Why is the list of files and stat dates needed? Any change done by RPM
to add or remove a file from the directory, should cause the mtime for
the directory to be updated. It doesn't really matter what the change is
- it only matters that the change is detected.
The case for needing to check the files *in* the directory, would be a
concern about the modules keeping the same name, but being updated in
place. I'm doubtful that this ever occurs for real, as it would cause
breakage for running programs. Existing running programs would mmap() or
similar the binaries into memory, and cannot be updated in place.
Instead, the inode remains alive, and a new file is created with the
same name, to replace the old file, and once all file descriptors are
closed - the inode is deleted.
So, unless there is a hierarchical directory structure - I believe
checking the modules directory timestamp is near 100% accuracy for
whether modules were added, removed, or updated using "safe" deployment
practices either by RPM or "make install".
I wrote a small test program that checks mtime (also tried ctime) and it
only changes on the directory when files are added and deleted. There is no
change to either if a file in the directory has been updated. It would be
really convenient to check only the directory to see if its' contents have
changed but I'm not aware of how to do that other than with something like
inotify. Suggestions welcomed.
IIUC, Mark's point is that an RPM update won't replace the file in-placec.
It will write out a new temporary file and then rename over the top of the
old file, which should trigger an update on the directory mtime.
Ah, right. I wasn't considering the behavior of package mangers. My simple test
of appending to an existing file doesn't simulate that. Indeed checking mtime on
the directory should work.
I can work on a patch, but one last question is the location of the directory?
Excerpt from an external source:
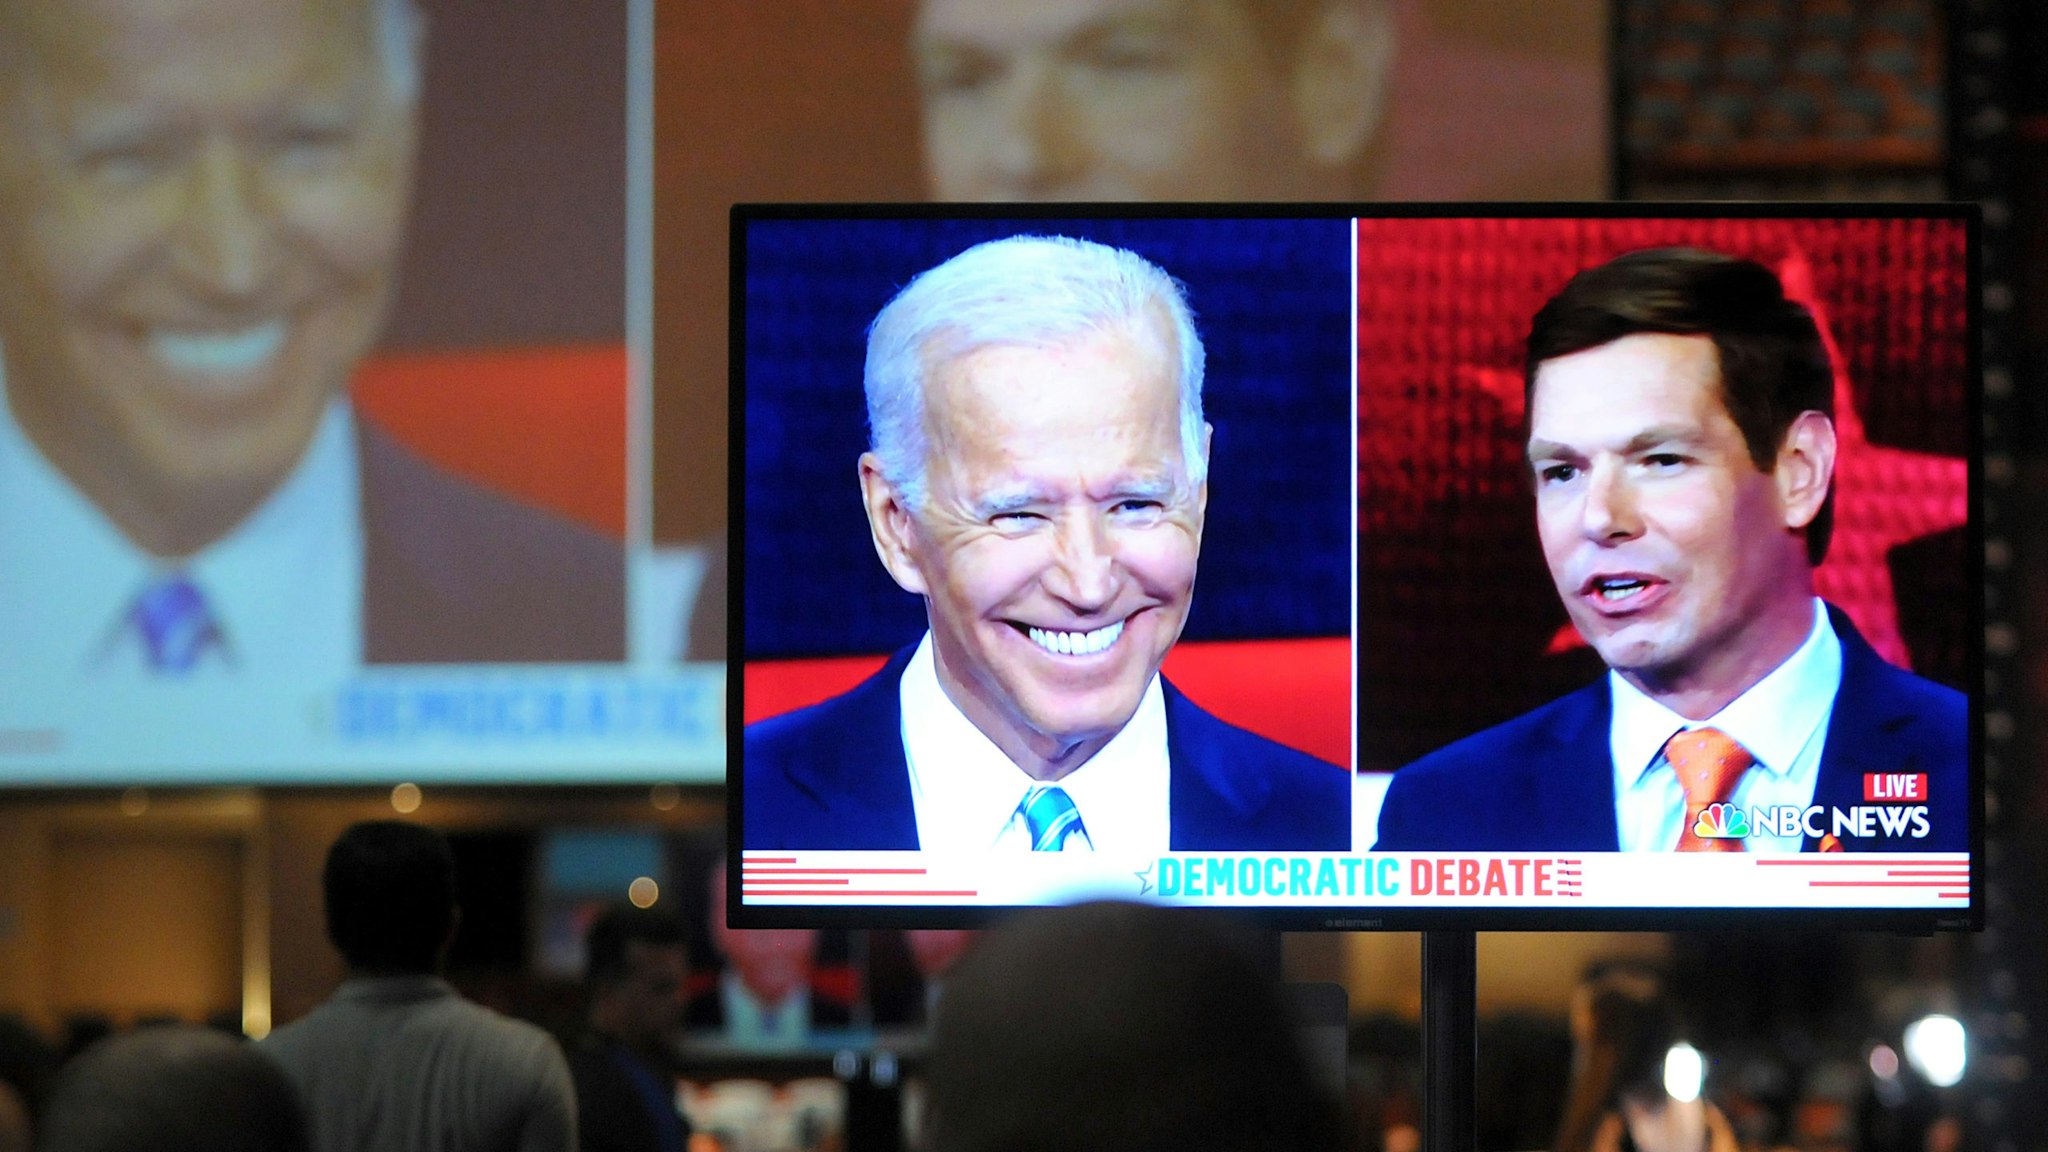 Democratic presidential hopeful Rep. Eric Swalwell of California is seen on a monitor in the spin room with former U.S. Vice President Joe Biden during night two of the first Democratic presidential primary debate for the 2020 election on June 27, 2019 at the Knight Concert Hall at the Adrienne Arsht Center for the Performing Arts in Miami, Florida.

It looks like qemu searches all over the place for modules: QEMU_MODULE_DIR env
var, CONFIG_QEMU_MODDIR, directory up from the executable location, directory of
executable location, var/run/qemu. I suppose downstreams will go with
CONFIG_QEMU_MODDIR for module location. Should libvirt have a config option to
specify the path, so downstream can coordinate that between the packages?